***** Record excerpts *****
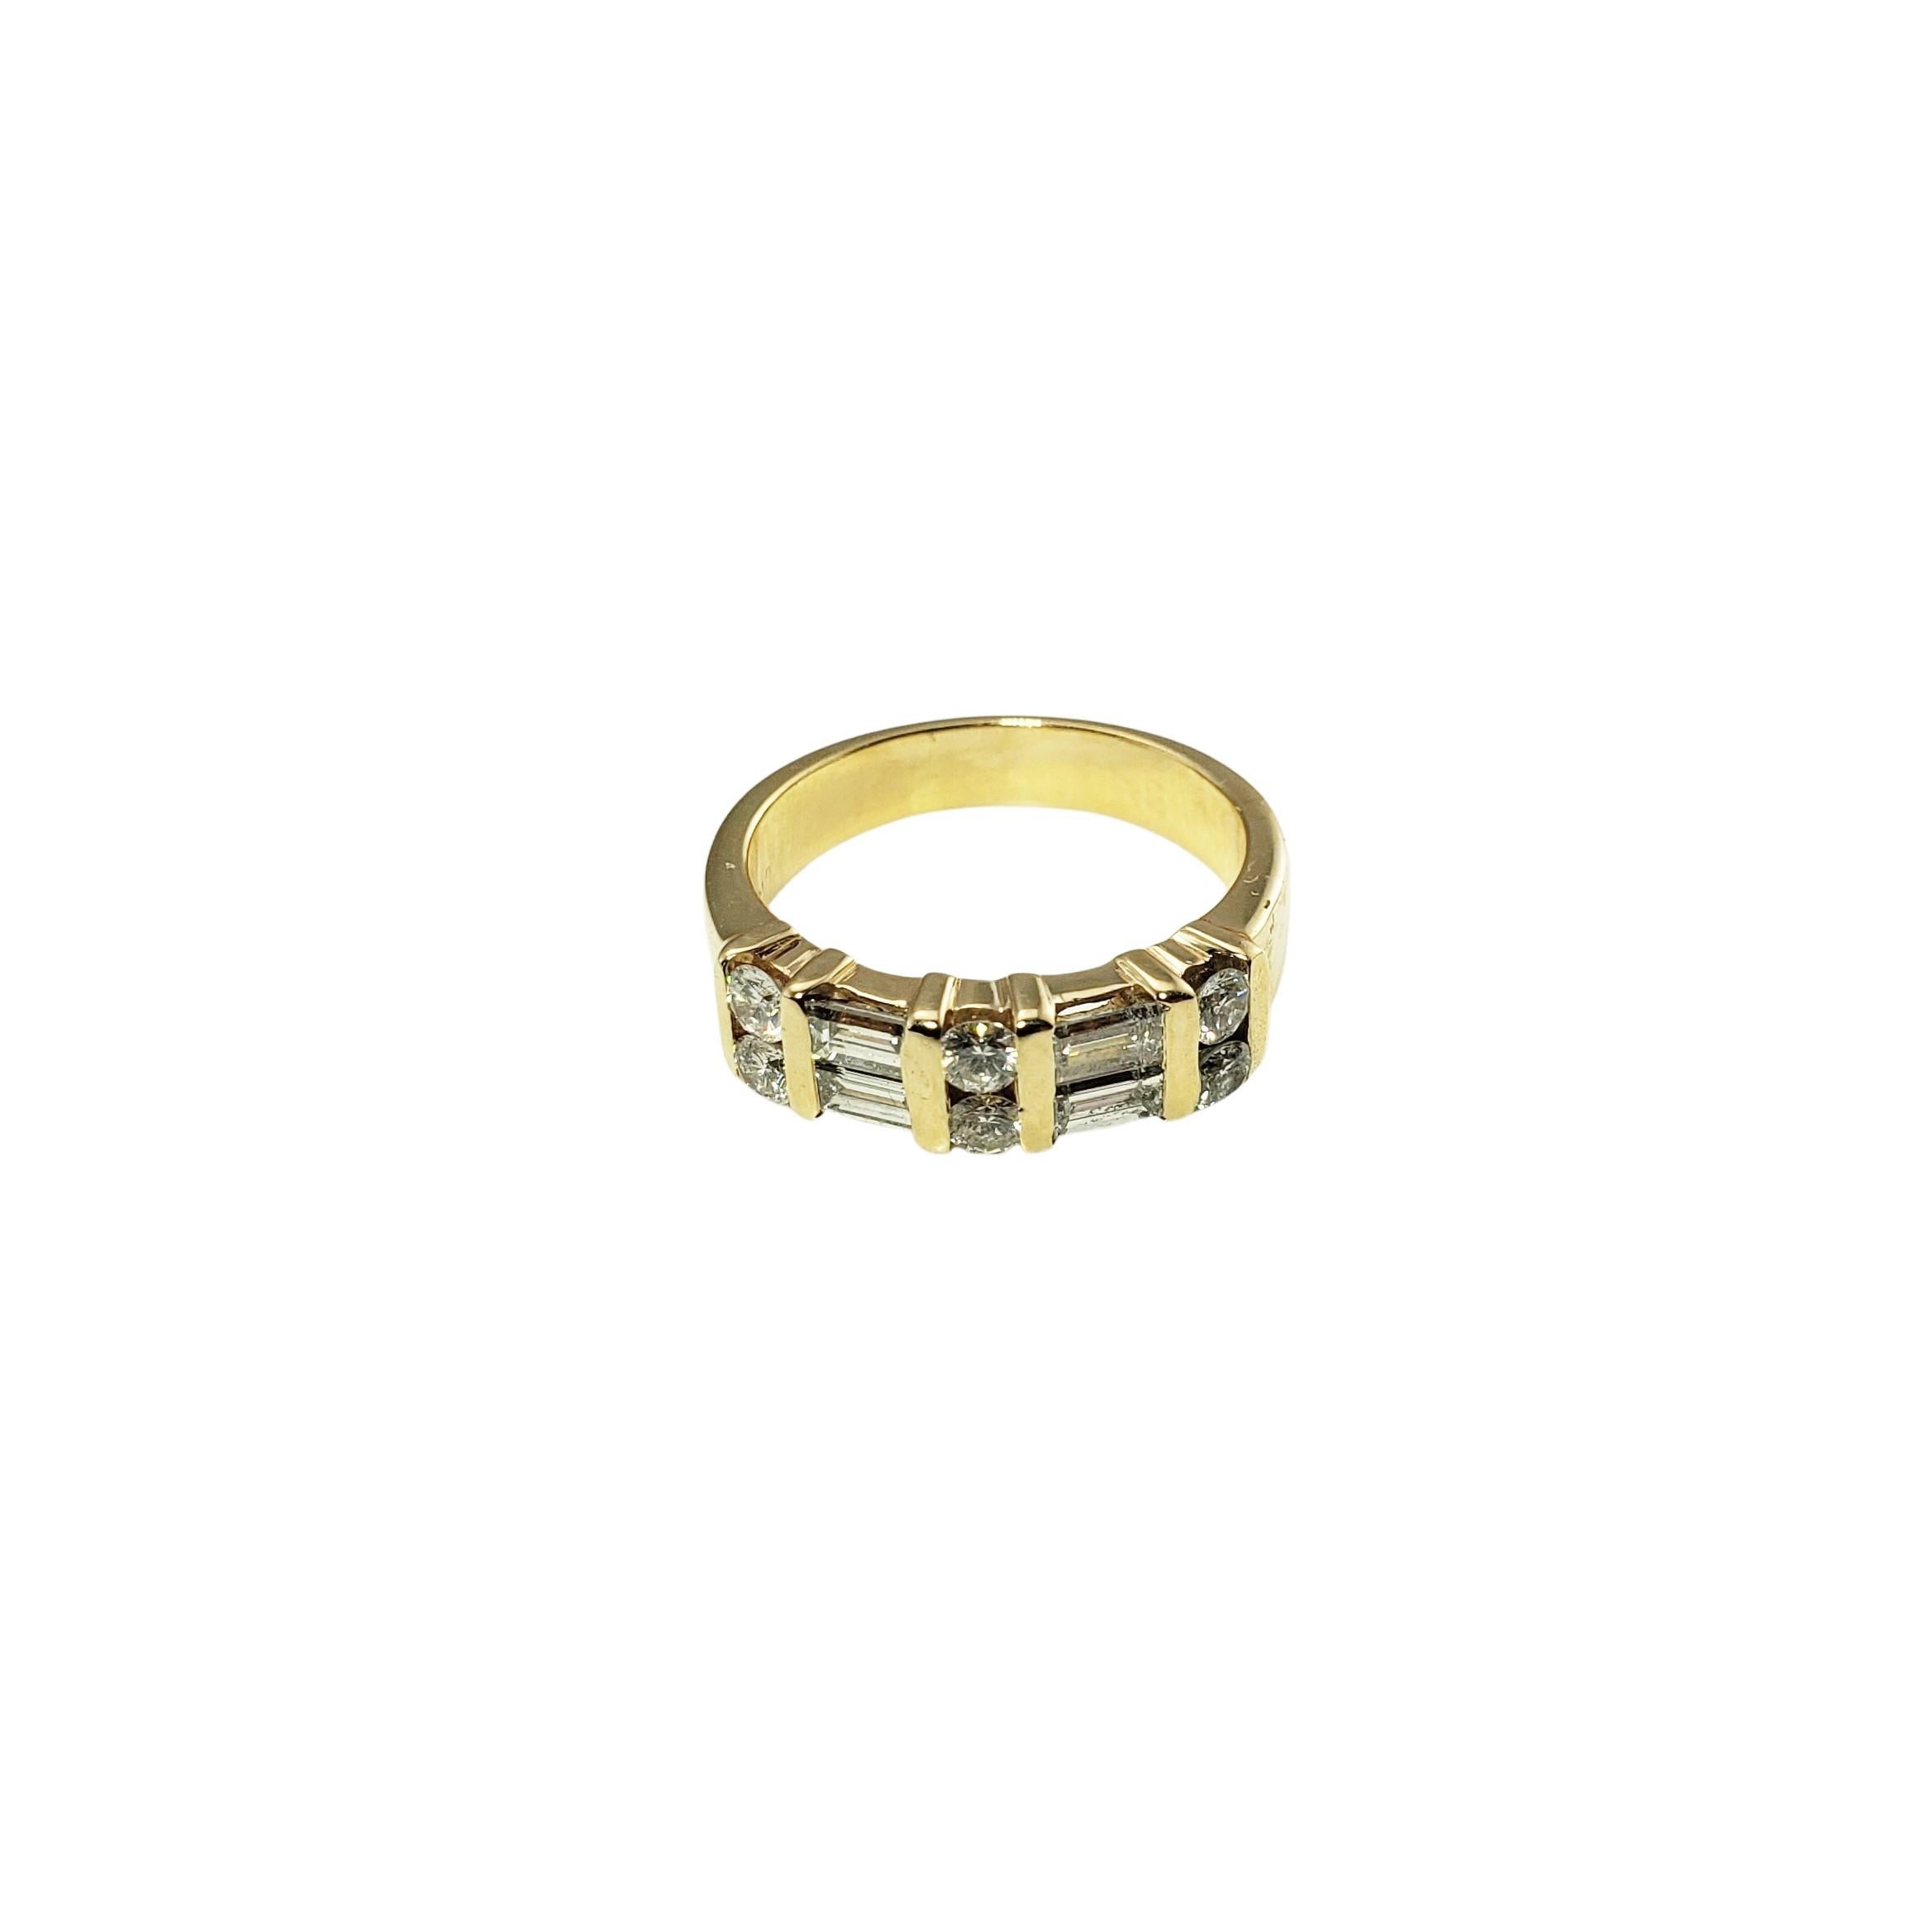 This sparkling ring features six round brilliant cut diamonds and four baguette diamonds set in classic 14K yellow gold.

Width:  5 mm.

Shank:  3 mm.

Approximate total diamond weight: .84  ct.

Diamond clarity: VS2

Diamond color:  G

Ring Size:
*****
— What to produce —
Give an exact copy of the entries, excluding all pictures.

— Exercise response —
 This sparkling ring features six round brilliant cut diamonds and four baguette diamonds set in classic 14K yellow gold.

Width:  5 mm.

Shank:  3 mm.

Approximate total diamond weight: .84  ct.

Diamond clarity: VS2

Diamond color:  G

Ring Size:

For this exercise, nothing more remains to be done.